It is not unusual for organizations to find themselves with multiple and disparate information systems. Such an outcome often breeds stovepipes, or more accurately, isolated silos of data (5). This predicament has been attributed to a variety of reasons, most often a command-and-control-oriented culture (Rosen) and IT governance (6).

However, organizations arrive at such a state for practical reasons as well. As CBER has evolved over the years, so too have the regulations, statutes, agreements, and the IT systems that support its mission. Separate IT systems supporting different areas of need were a natural outcome as regulatory application types, and the organization itself were, at one time, partitioned along similar lines of separation.

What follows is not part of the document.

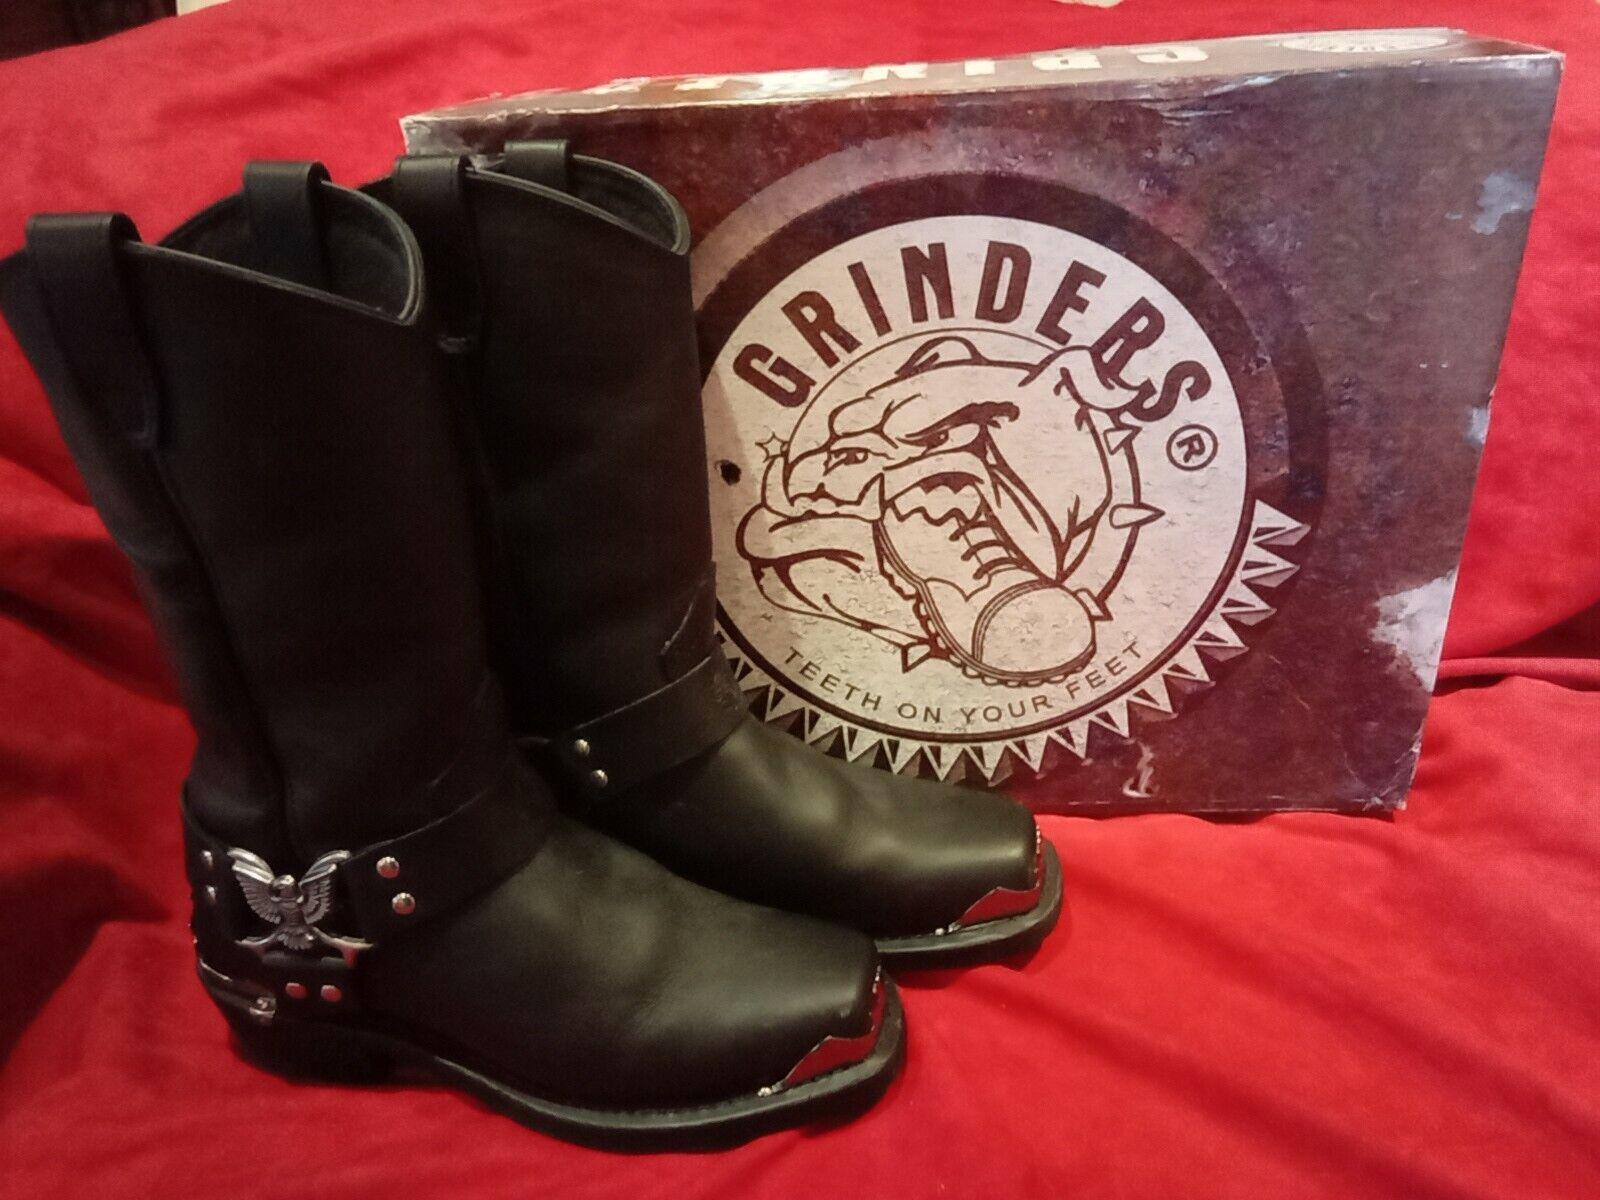 Grinder Eagle Hi Boots Black Leather Size 9 / 42 Worn once in Box (1579)
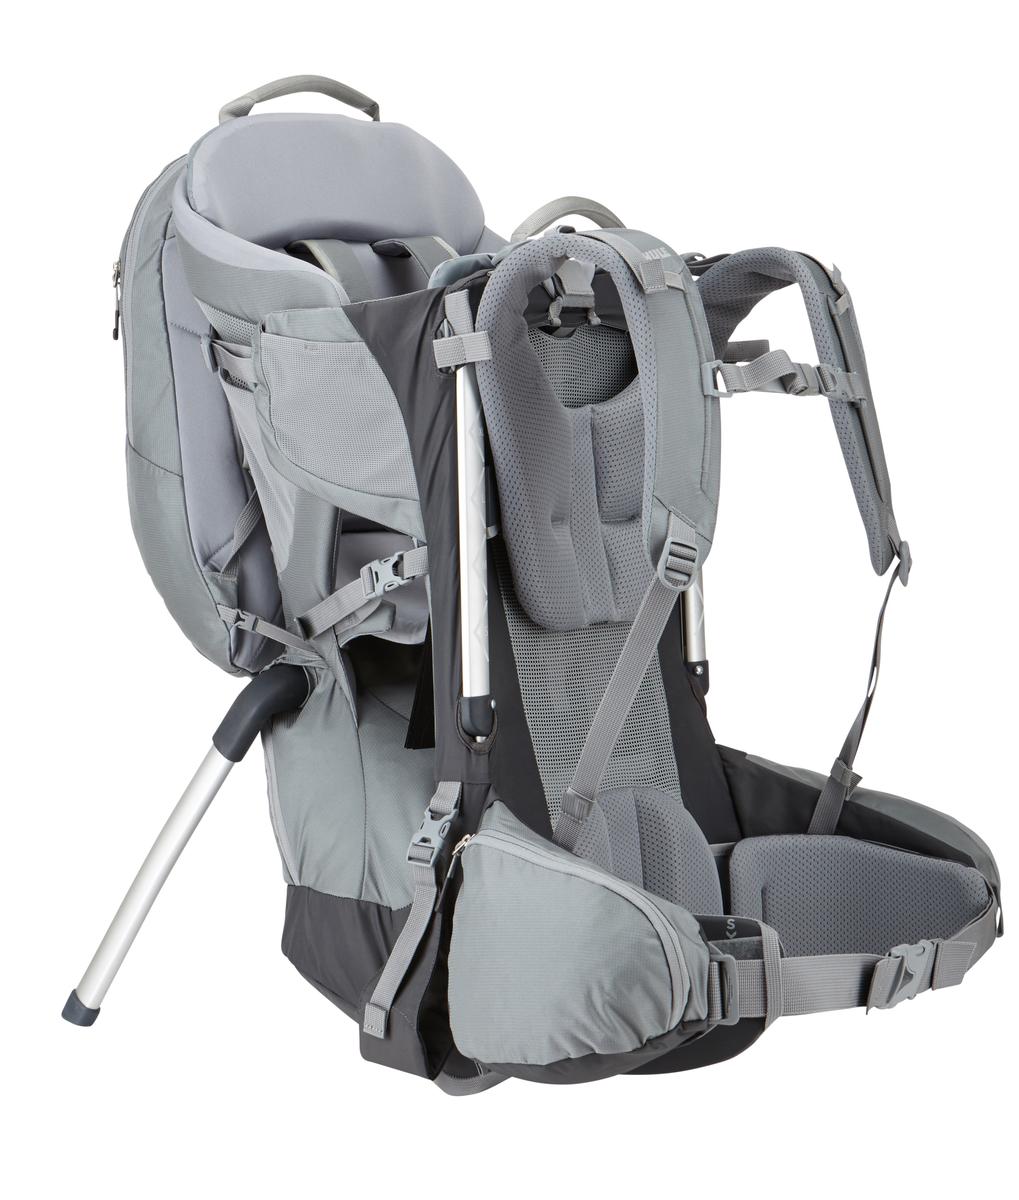 Рюкзак для переноски детей Thule Sapling Elite Child Carrier, цвет: серый, 32л установочный комплект для багажника thule 1408

Separate databases underlying these systems were developed and modified over time, as needs arose, by different sets of stakeholders working in separate organizational units, drawing from different sets of requirements, all working to meet different deadlines. IT system development in CBER conforms most closely to the “spiral model,” a continuous cycle of enhancement and deployment that has proceeded along different timelines for the aforementioned reasons but also because of the nature of funding sources.

Targeted funding brought needed resources but also brought challenges to an otherwise, deliberative, unified design approach. Funding is often highly targeted as the legislation behind each funding source specified areas to be addressed and tracking and reporting requirements, and drove development schedules. This all but precluded the use of a fund beyond its immediate mandate. Even with strong IT governance, development in one domain could not await the development in another when one had been legislated and already funded. Therefore, separate silos of data are often an unavoidable outcome of such a dynamic environment.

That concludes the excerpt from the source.